Mr. Simonds, who was fat and placid, began to look grave. “Then, all there is about it, we've got to have a hunt,” said he. “'Twon't do to have that little tot out in her night-gown long. We hadn't a thought but that she was here. Must have lost her way.”
Aurelia watched him stride down the yard. Then she ran after him. “Mr. Simonds!” He turned. “I told you a lie. Myrtie's in the corner of the kitchen under a heap of herbs.”
“Why, what on earth —”
“I wanted to keep her so to-night.” Aurelia burst right out in loud sobs.
“There, 'Relia! It's a confounded shame. You shall keep her. I'll make it all right with the old lady somehow. I reckon, as long as the child's safe, she'll be glad to get rid of her to-night. She wouldn't have slept much. Go right into the house, 'Relia, and don't worry.”
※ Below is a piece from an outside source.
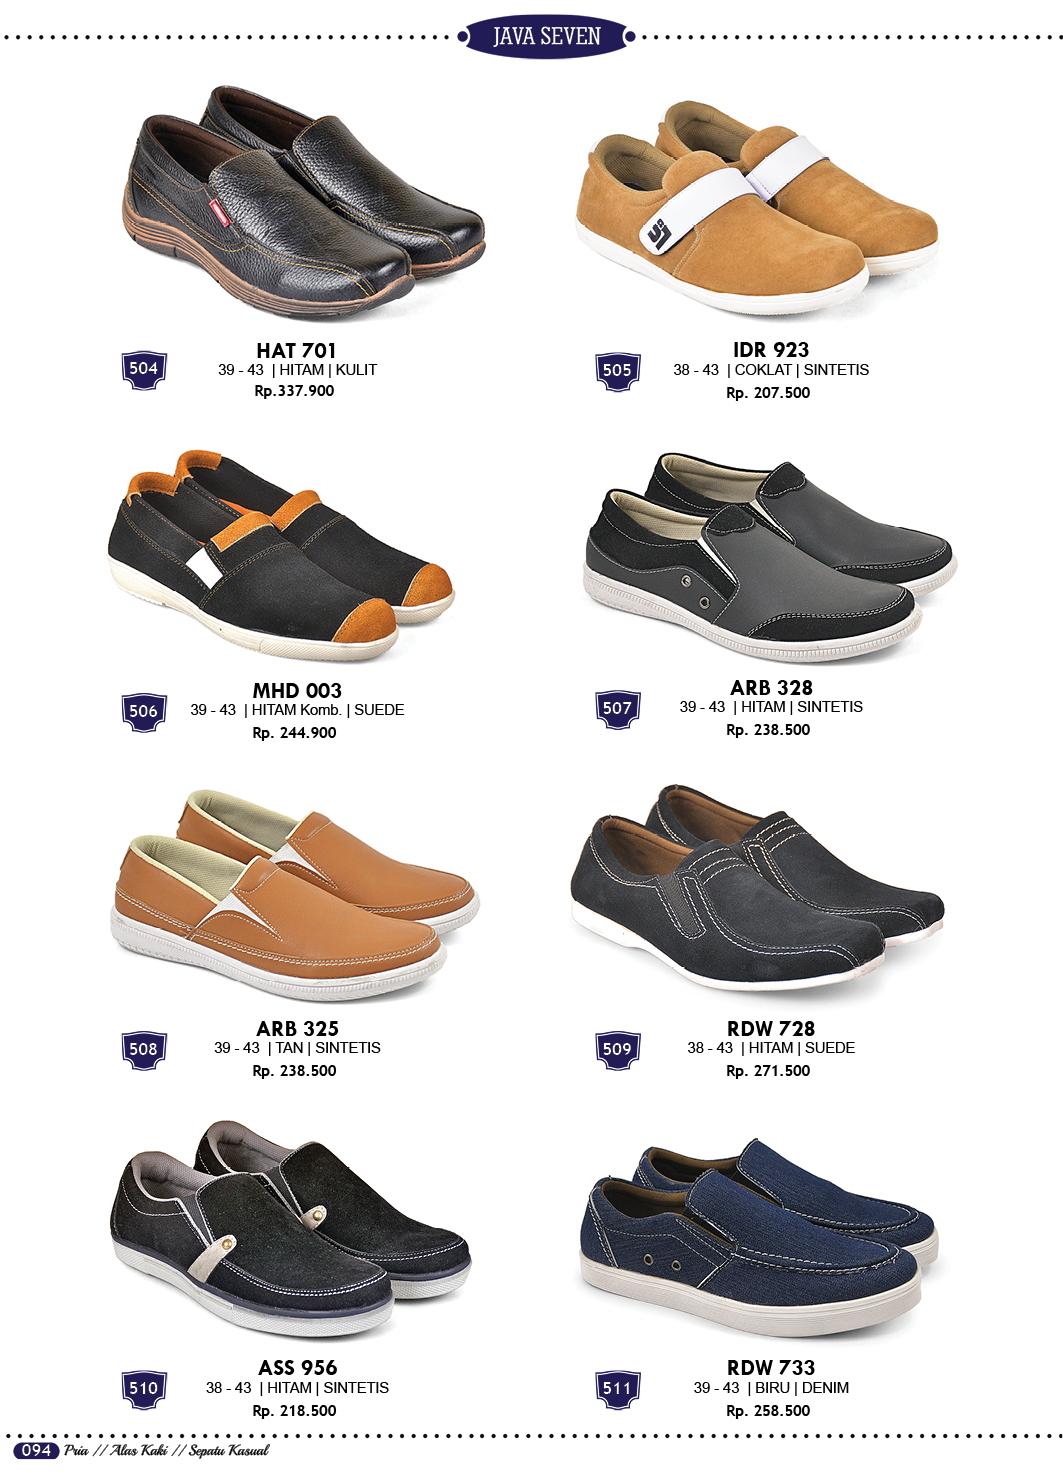 Sepatu Sandal dan Tas Terbaru Katalog Java Seven 2018 Grosir Ecer 56808d11b7

Aurelia obeyed. She hung over the little creature all night, asleep in her little crib. She watched her every breath. She never thought of sleeping herself — her last night with Myrtie. The seconds were so many grains of gold-dust. Her heart failed her when day broke. She washed and dressed Myrtie at the usual time, and gave her her breakfast. Then she sat down with her and waited. The child's sorrow was soon forgotten, and she played about as usual. Aurelia watched her despairingly. She began to wonder at length why they did not come for her. It grew later and later. She would not carry her back herself, she was resolved on that.
It was ten o'clock before any one came; then it was Mrs. Simonds. She had a strange look on her face.
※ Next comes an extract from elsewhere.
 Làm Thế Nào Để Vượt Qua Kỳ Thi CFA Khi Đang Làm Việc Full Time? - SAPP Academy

“'Relia,” she said, standing in the door and looking at her and Myrtie, “you 'ain't heard what has happened to our house this mornin', hev you?”
“No,” said Aurelia, awed.
“Old Mis' Sears is dead. Had her third shock: she's had two in the last three years. She was took soon after Mr. Simonds got home. We got a doctor right off, but she died 'bout an hour ago.”
“Oh,” said Aurelia, “I've been a wicked woman.”
“No, you 'ain't, Aurelia; don't you go to feeling so. There's no call for the living to be unjust to themselves because folks are dead. You did the best you could. An' now you're glad you can keep the child; you can't help it. I thought of it myself the first thing.”
“Oh, I was such a wicked woman to think of it myself,” said Aurelia. “If I could only have done something for the poor old soul! Why didn't you call me?”
“I told Mr. Simonds I wouldn't; you'd had enough.”
There was one thing which Aurelia found to do, though — a simple and touching thing, though it probably meant more to her than to most of those who knew of it.
On the day of the funeral the poor old woman's grave was found lined with fragrant herbs from Aurelia's garden — thyme and lavender and rosemary. She had cried when she picked them, because she could not help being glad, and they were all she could give for atonement.